We also believe there will be continued attractive distressed opportunities in the US and Europe for several years in the future. While default rates are expected to remain low in the US, a 2 per cent default rate on a market nearly $1 trillion in size for high yield and bank loans still results in nearly $20 billion of new defaults each year, plus many other companies that avoid default, but whose securities could trade at distressed levels. Avenue’s assessment of the pipeline of potential stressed and distressed opportunities in the US for the next three years is expected to consist of 95 issuers with roughly $425 billion in total debt as of May 29, 2013. 

Further, nearly 7 per cent of bank loans issued to European companies are still owned by the traditional commercial banks, and there has been minimal refinancing of these loans over the past couple of years. It is estimated that the European commercial banks need to reduce their loan assets by approximately €400 million over the next few years in order to meet regulatory capital requirements.
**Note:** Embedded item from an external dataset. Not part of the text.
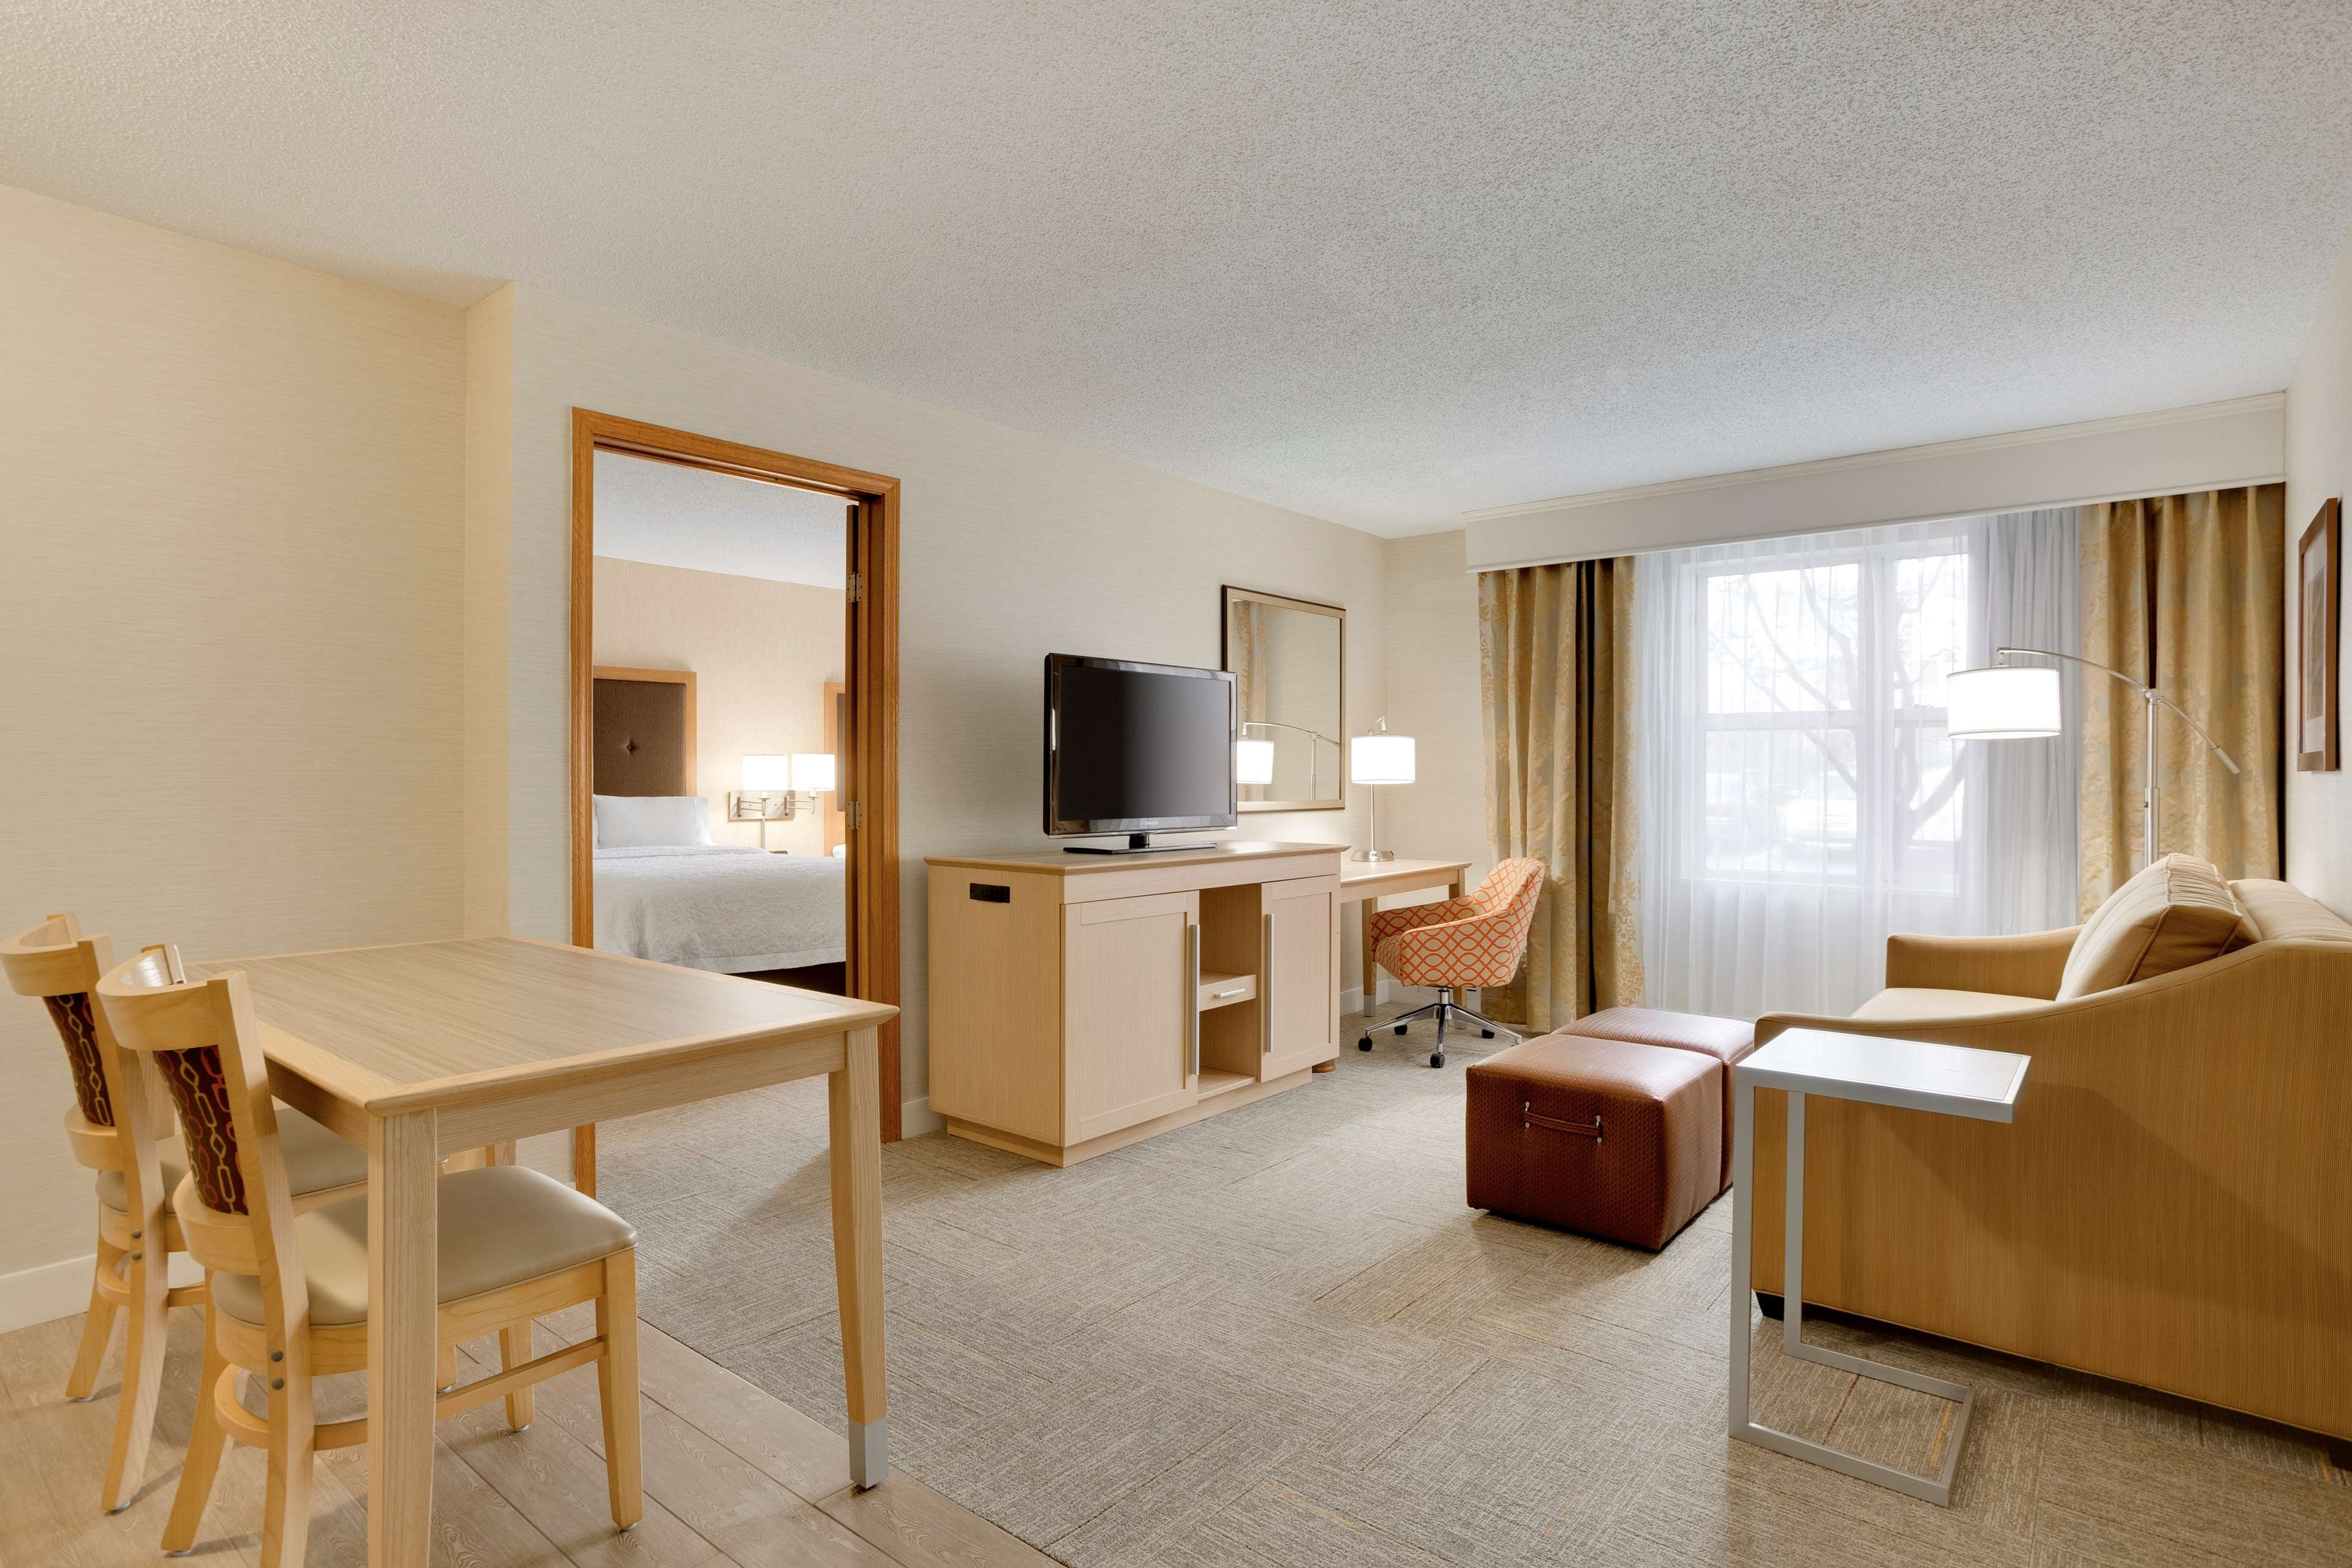 Hampton Inn & Suites Cleveland/Independence image 14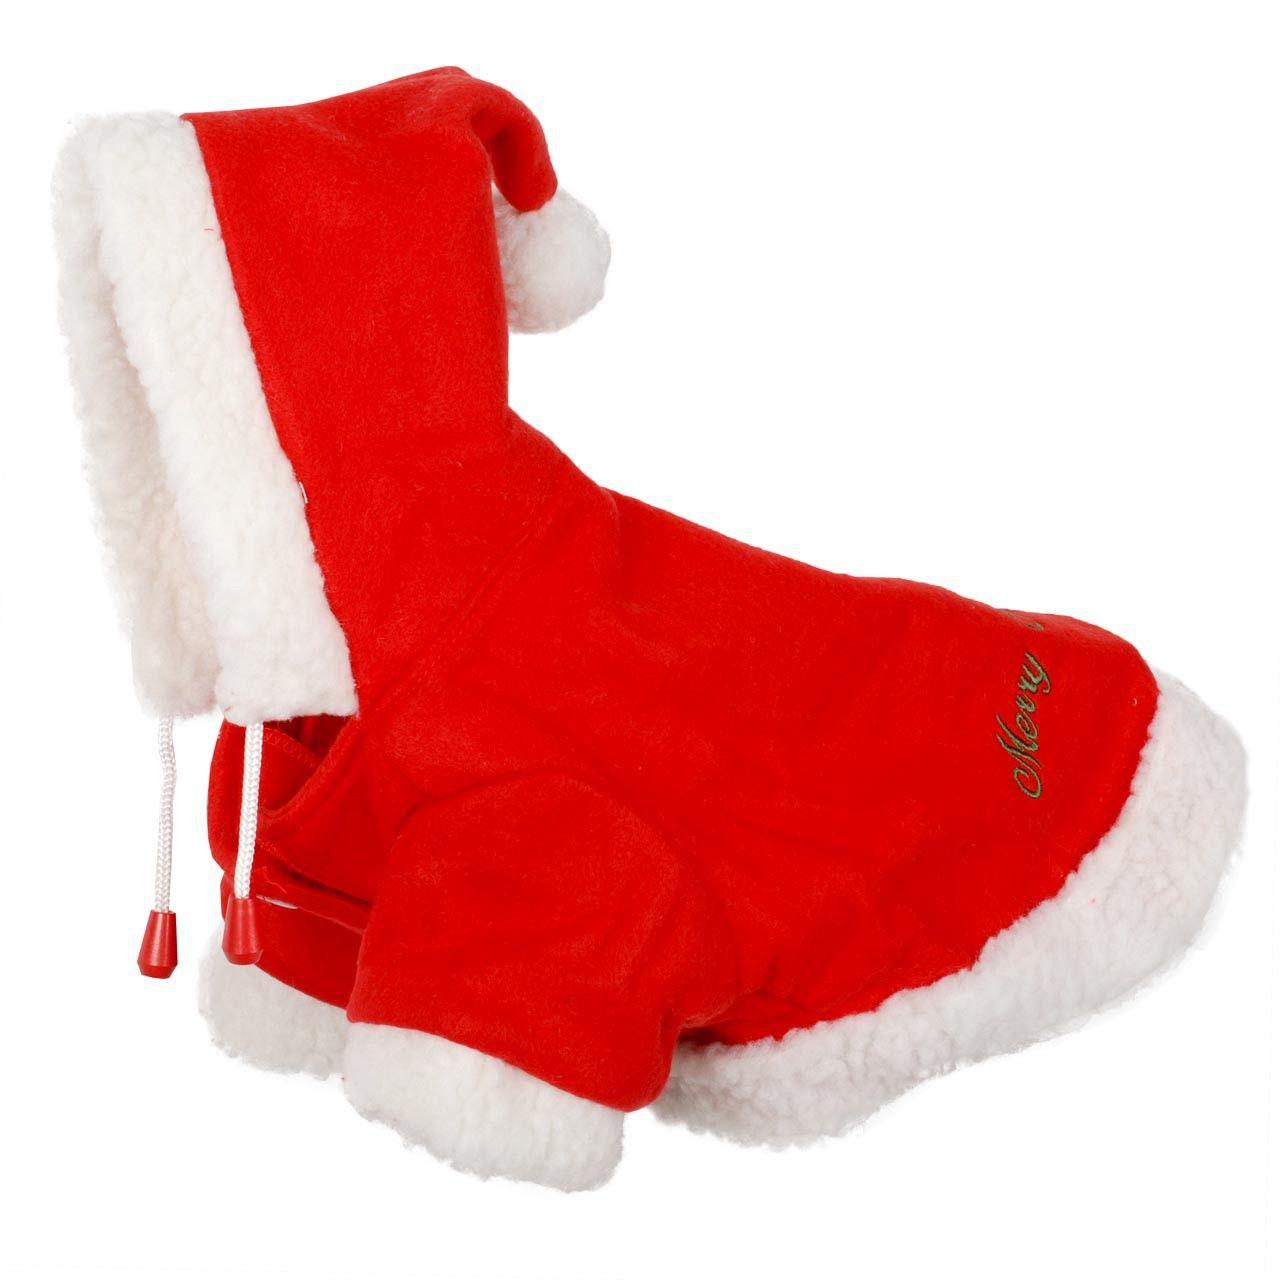 Leuke #QHP #Kerst #deken voor je #hond in #kerst style. #hondendeken #kerst #christmas #rood #wit #dogrug #rug #dog #divoza

Given these facts and the fact that that Europe has endured a lengthy recession that we believe will be followed by lower than normal growth, we believe the environment in Europe should provide for attractive distressed and stressed opportunities for many years in the future.

In terms of Europe, the pipeline of potential stressed and distressed opportunities over the next three years is expected to include about 220 issuers with roughly €570 billion of total debt as of May 31, 2013.  

Avenue Capital Management has offices in London, Luxembourg and Munich, and four in Asia.  As of April 30, 2013, Avenue oversaw assets of approximately $11.6 billion on behalf of pension funds, family offices, foundations, insurance companies and sovereign wealth funds.